CLIC1 supports mechanisms related to platelet activation and thrombosis

Background: Chloride intracellular channel 1 (CLIC1) is expressed in platelets, but CLIC1 action in these cells has not been clarified. Methods: CLIC1 function was probed in platelets in vitro as well as in a mouse dorsal skin fold chamber model in vivo to assess thrombus formation. Results: Co-localization of CLIC1 with F-actin was detected in lamellipodia of platelets, which relocate CLIC1 to their cell surface in an integrin-dependent manner. Treatment with the CLIC1 inhibitor IAA94 hindered CLIC1 relocation to the platelet membrane, diminished platelet aggregation and reduced integrin αIIbβ3 activation.

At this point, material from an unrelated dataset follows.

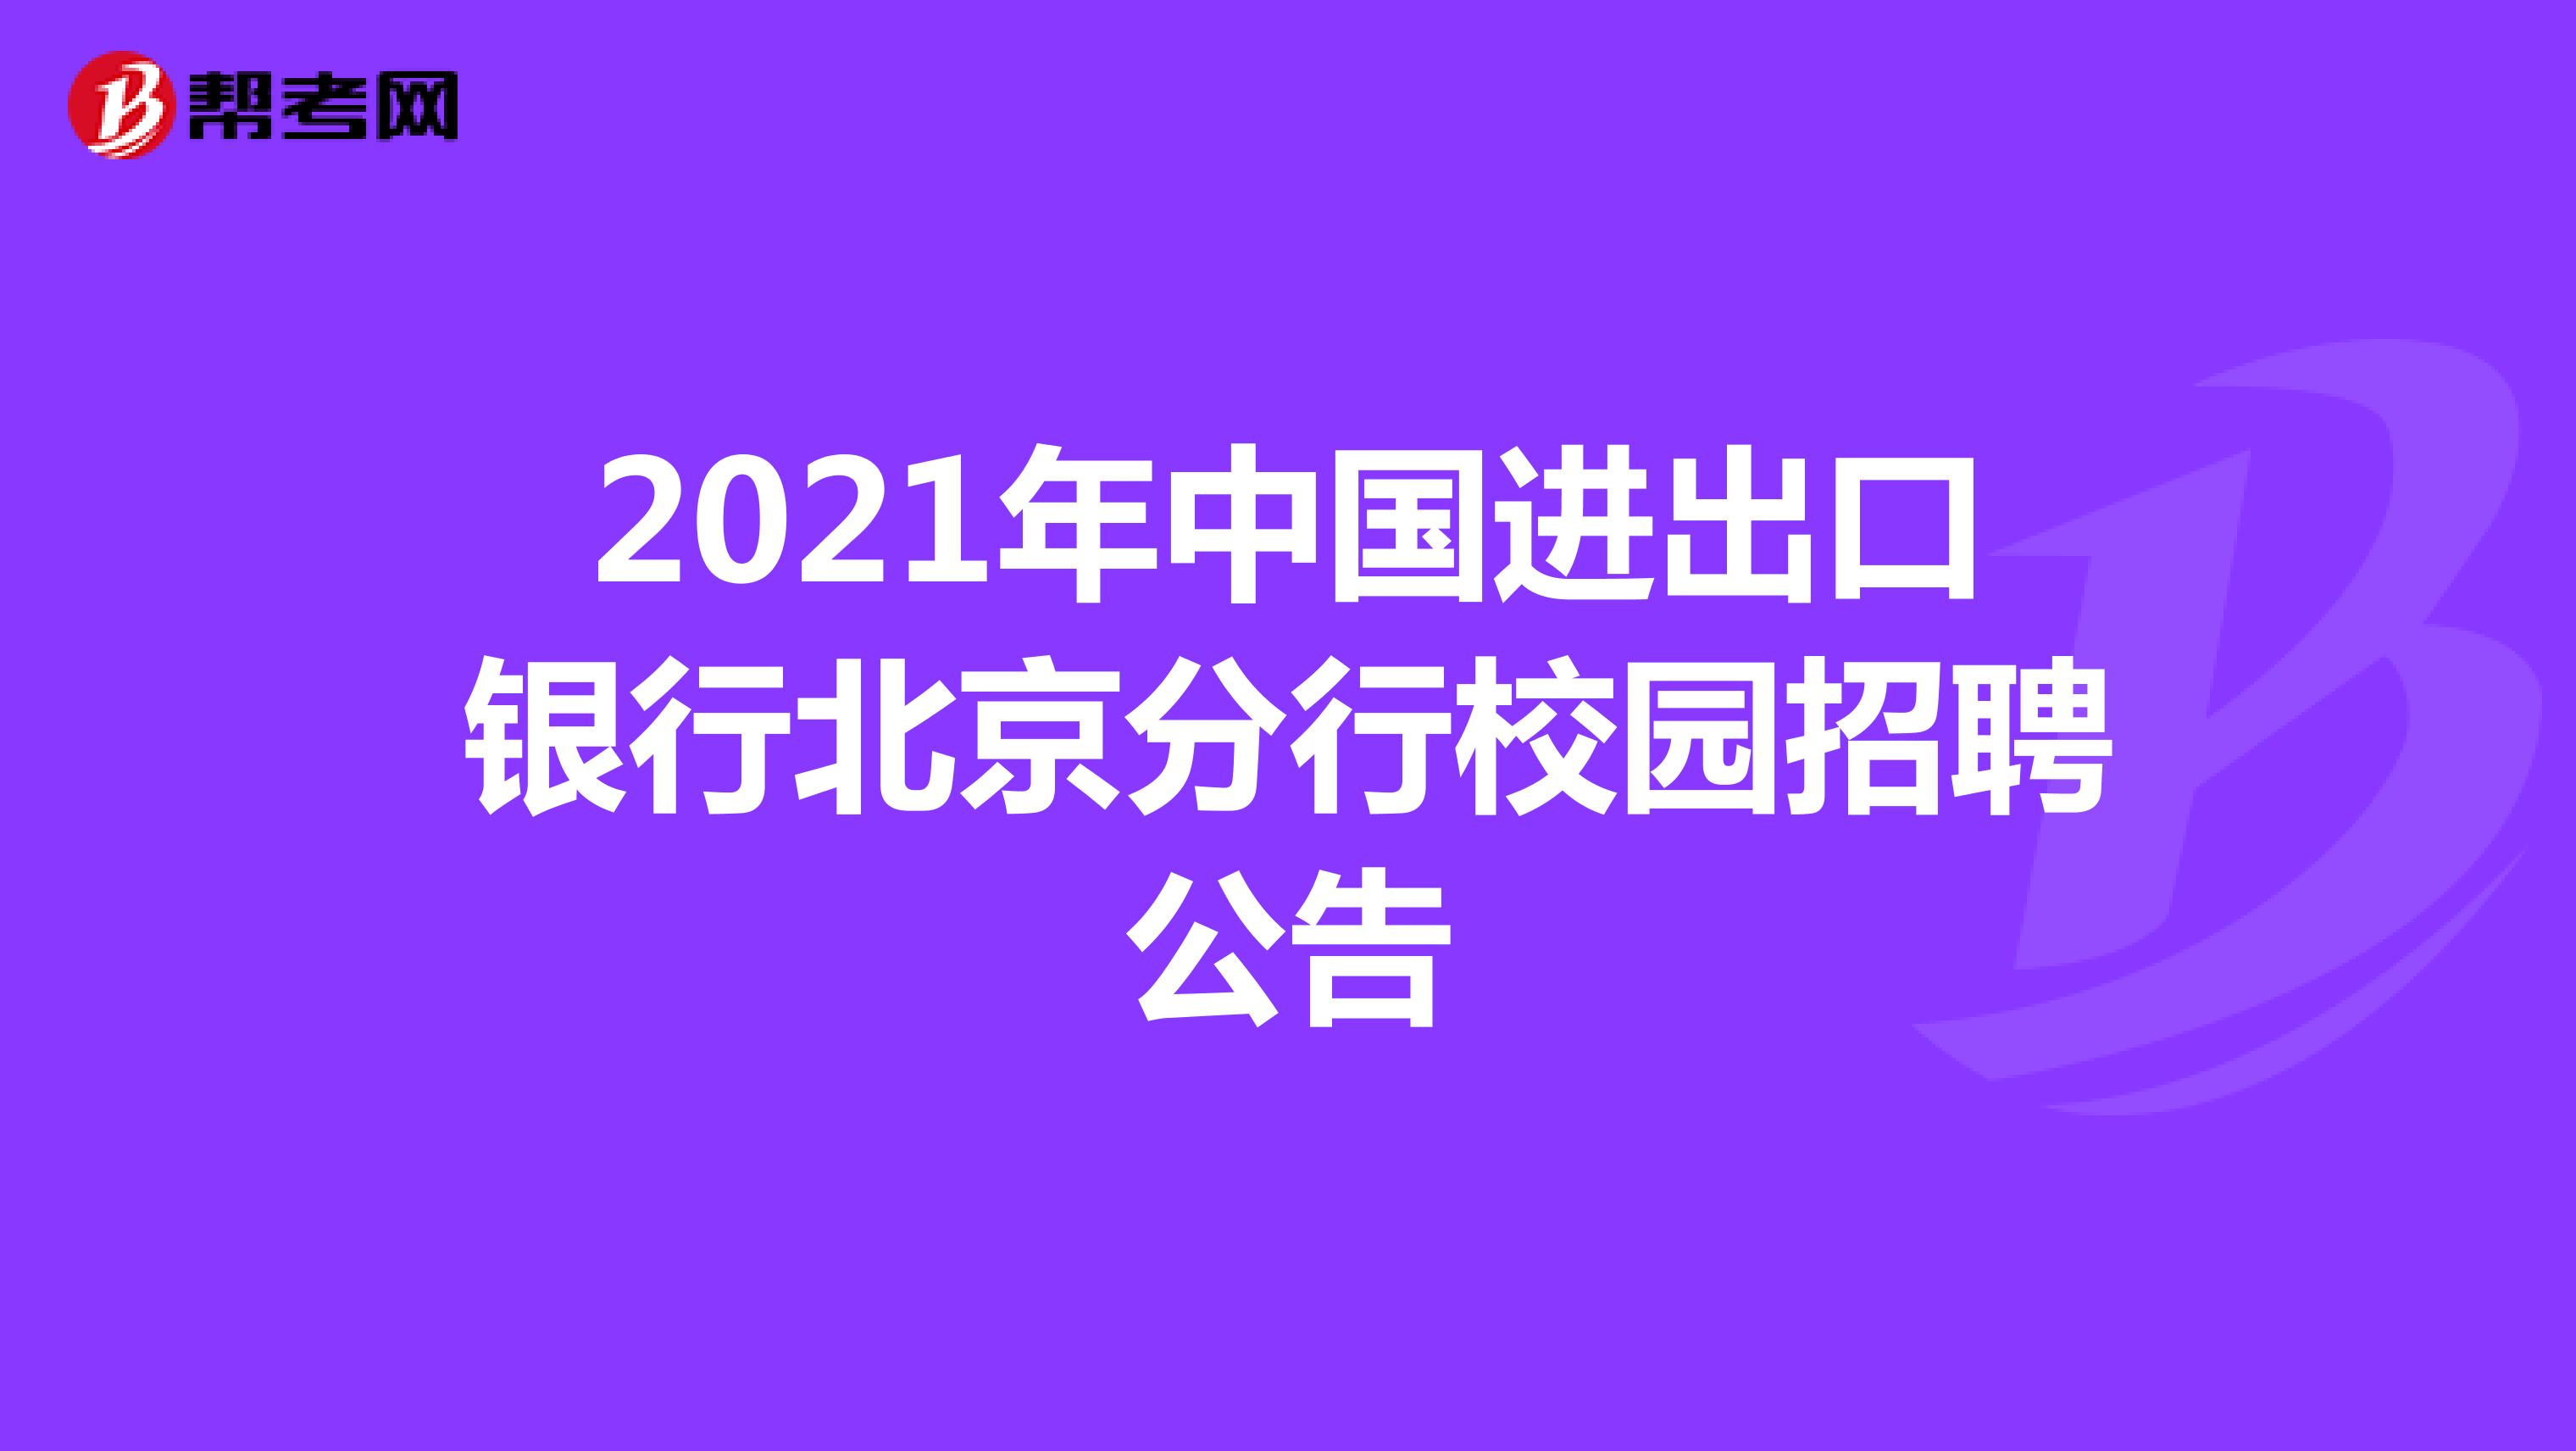 2021年中国进出口银行北京分行校园招聘公告
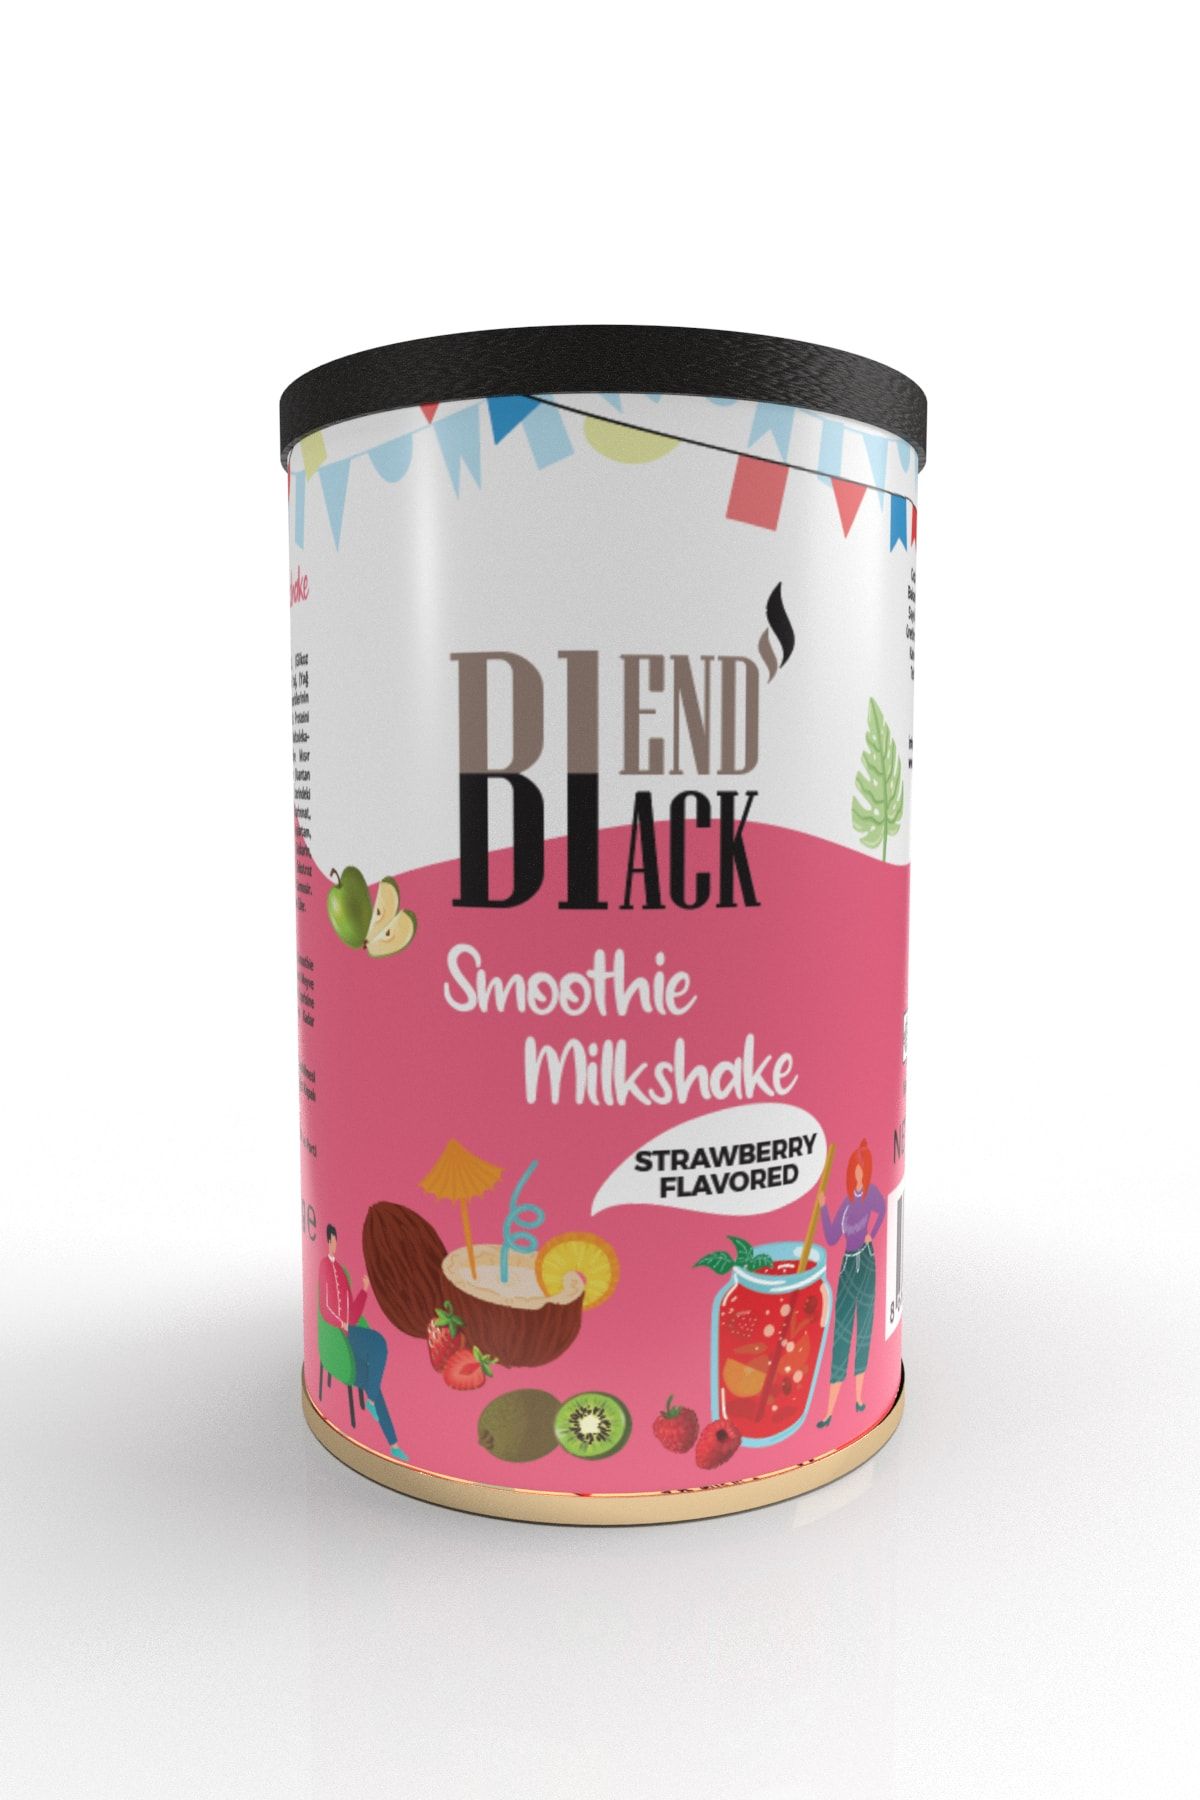 Blendblack Smoothie/milkshake Strawberry Flavored 500gr Teneke Kutu

Injecting mice with IAA94 delayed vaso-occlusion in a mouse model of photo-chemical thrombus formation in vivo. The role of CLIC1 for platelet activation could be reproduced in platelet concentrates, which even after prolonged storage expressed minimal CLIC1 on the platelet surface unless platelets were exposed to an activating stimulus. Conclusion: These data show that CLIC1 is regulated by adhesive interactions with integrin ligands that cause CLIC1 to relocate to the platelet cell surface. This process in turn appears to be relevant for integrin-mediated functions involved in platelet thrombus formation in vitro and in vivo. Moreover, CLIC1 has the potential to be a useful marker for monitoring the activation state of platelet concentrates during prolonged storage.